# Not giving up yet, still very determine.



## Kia3137@att.net (Nov 30, 2011)

I was certified in May 2011. I have been applying everywhere and without the experience it's frusterating. I may not have the experience but how do you know if I'm not given the chance. This is my passion, I stumble upon many experiences and it didn't wow me and when I got introduce to this Medical Coding I fell in love with. This is what I want to do my whole life. Any advice?? I'm not giving up yet. I would apperciate any comments to help me through this. Thank you.


----------



## ajs (Nov 30, 2011)

mopee82@hotmail.com said:


> I was certified in May 2011. I have been applying everywhere and without the experience it's frusterating. I may not have the experience but how do you know if I'm not given the chance. This is my passion, I stumble upon many experiences and it didn't wow me and when I got introduce to this Medical Coding I fell in love with. This is what I want to do my whole life. Any advice?? I'm not giving up yet. I would apperciate any comments to help me through this. Thank you.



Just keep remembering that you might have to take a position that is not coding in order to get in the door and show what you can do.  Look for referral coordinator jobs, scheduler, anything.  The job market is tough right now for everyone...so keep up the work, network with your local chapter.  Keep your name in front of potential employers by checking in from time to time.  If you have passion for what you want to do, you can make it happen but it may take time.  Good luck!


----------



## MARCIE CPC CPB CPMA CRC (Nov 30, 2011)

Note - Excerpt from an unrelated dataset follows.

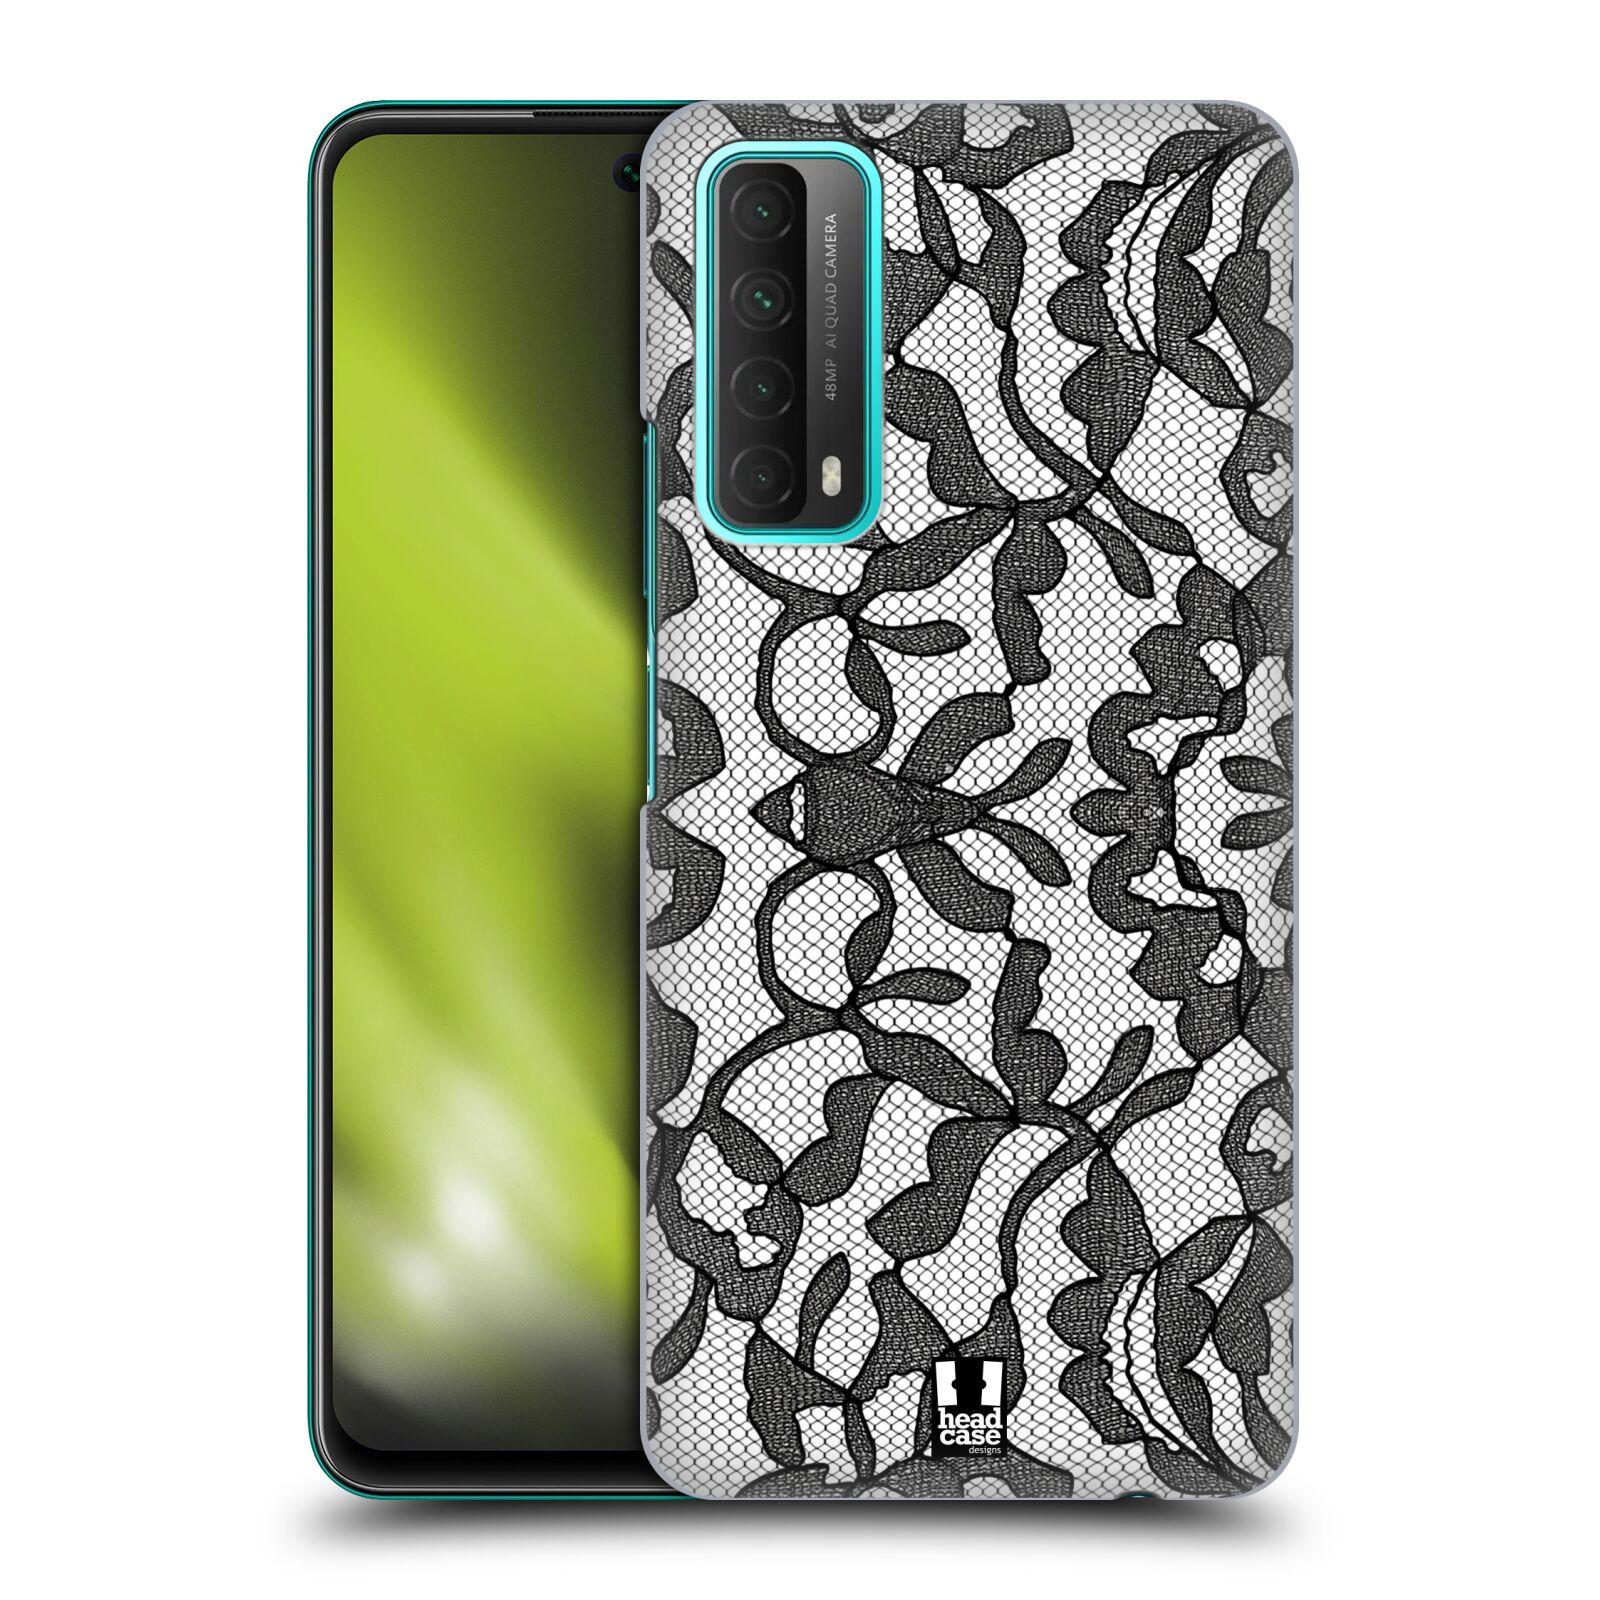 Plastové pouzdro na mobil Huawei P Smart (2021) - Head Case - LEAFY KRAJKA
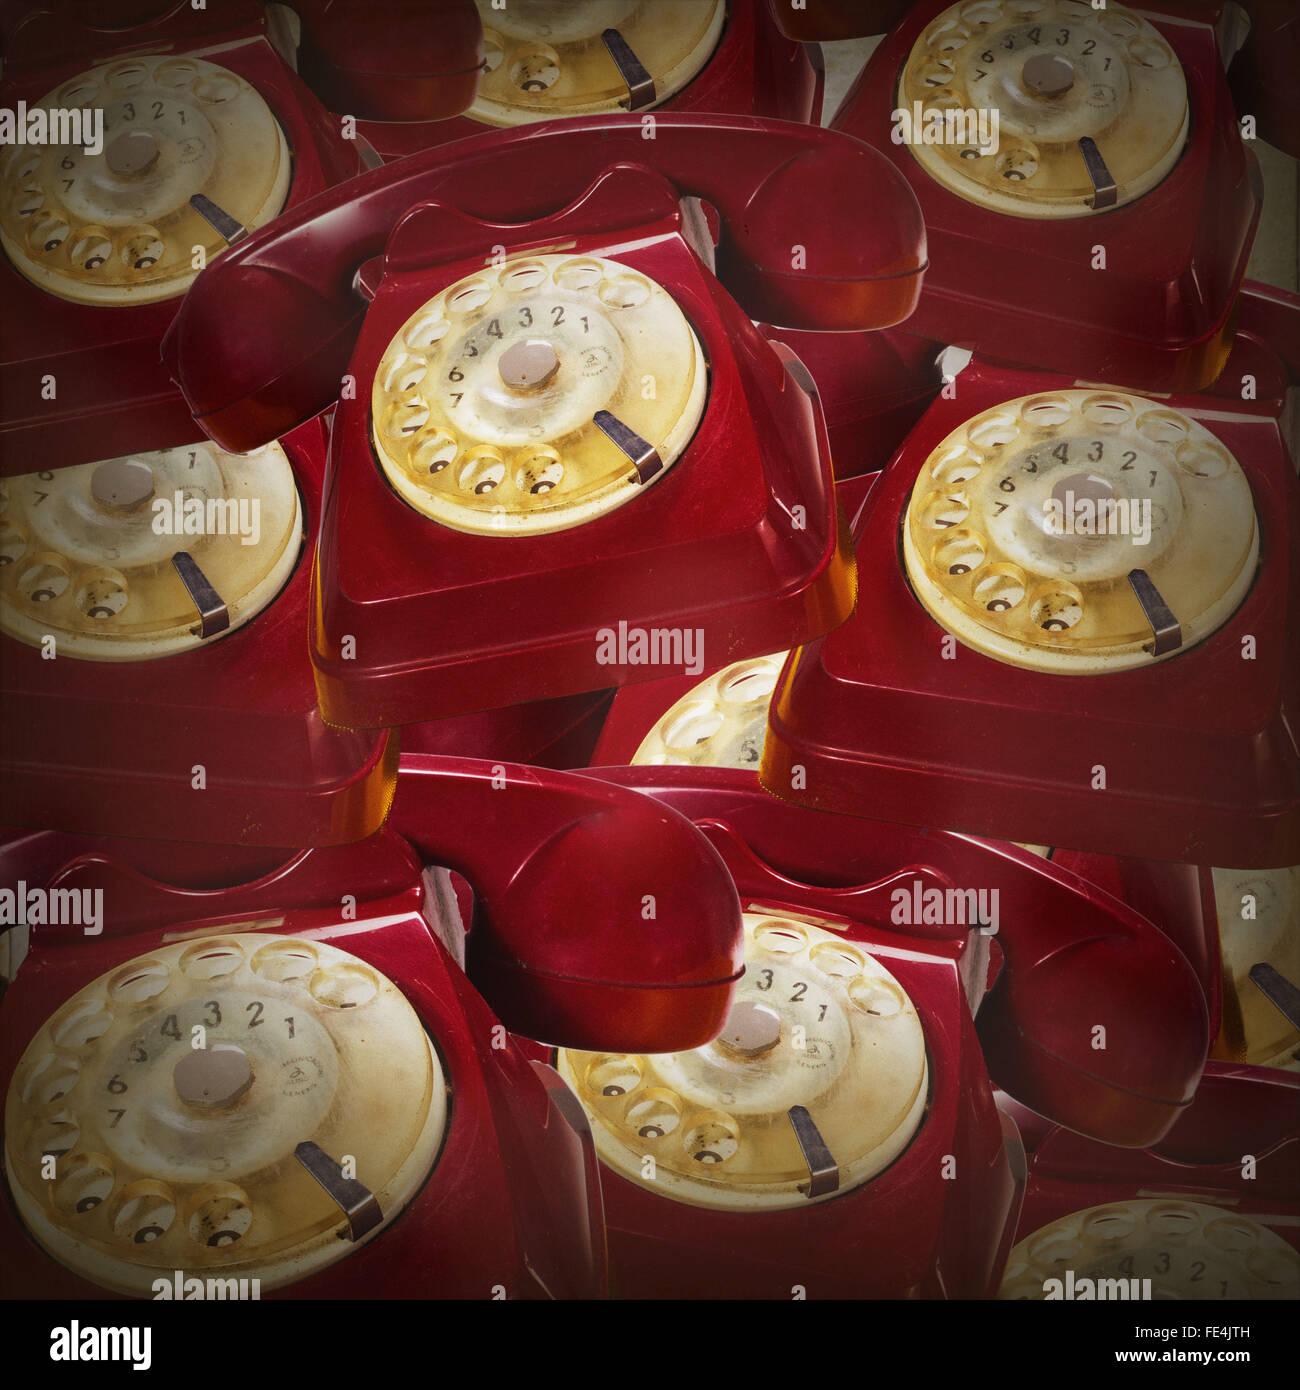 Full Frame Shot Of Red Rotary Phones - Stock Image

I agree with the prior post. If you have been paying attention to the ICD-10 info., you will find that your expertise is going to be more in demand in the future. Several of the ones who have been coding for decades are ready to retire. It is hard, and we all know this, but keep your head up! Anything is better than nothing,  and once in you can show them what you are made of!

Marcie, CPC


----------



## chshaffer41@gmail.com (Dec 1, 2011)

I too am very frustrated..  I passed my certification in May 2010 and have been trying to find that coding job I desire.  Like you,  I have a passion for this type of employment.  I have a background in accounting,  but after being home to start a family for approx 9 years I went back to school for Medical Coding,  and I absolutely love it!  I did get a job initially in a small one-doctor practice as a medical assistant,  which I had zero experience, in hopes of that being my foot in the door.  But,  unfortunately it did not lead to a coding position, I think because it was a small practice with no real opportunity to move around.  However,  I have not given up my search for the job I really would love.  I have been paying attention to the soon to be ICD-10 change and I have working on the modules offered by the AAPC to keep myself motivated.  Also,  I have been working with AAPC with the apprentice removal program,  and I am hoping that web site will be up again soon.  If you can, do the ICD-10 modules,  because you not only familiarize yourself with ICD-10,  you earn those valuable ceu's that are needed. Like the advice that was given in the above post, I agree that the ICD-10 is going to be very important in the near future.  Also,  when the web site for the apprentice program comes back up,  it also provides great information and practice for coding.  You might want to consider it as well. I too am not ready to give up my dream to be a coder,  so I will continue to keep applying to anything that will get me on that path. I hope this makes you feel better about things knowing you are not alone in this quest.  Good things come to those of us who are persistent!  So just keep applying for the jobs,  and don't be afraid of taking a job that isn't exactly what you want or think you can do.  I was not certified to be a medical assistant,  but I received a great amount of knowlege about the actual procedures that are done,  which are very helpful in understanding what the codes meanand how/why they are applied, and that they are not just numbers.  Good luck to you in this adventure!!


----------



## tammyopolka (Dec 1, 2011)

*Don't give up*

Mopee,

I graduate in 2 weeks with an Associate's; yet unemployment ran out in early August. Started SERIOUSLY looking for a job last May. I landed an entry level job at the local hospital as a switchboard operator. Sucky hours and sucky pay. Before I finished training, I was bumped. They liked me and kept me on as an on-call relief person. I am not allowed to bid on other union jobs without completing probation, but they made exception. Today I accepted a housekeeping job. Not coding, but will pay the bills and I stay in the system with potential to gain enough hours to meet probation. 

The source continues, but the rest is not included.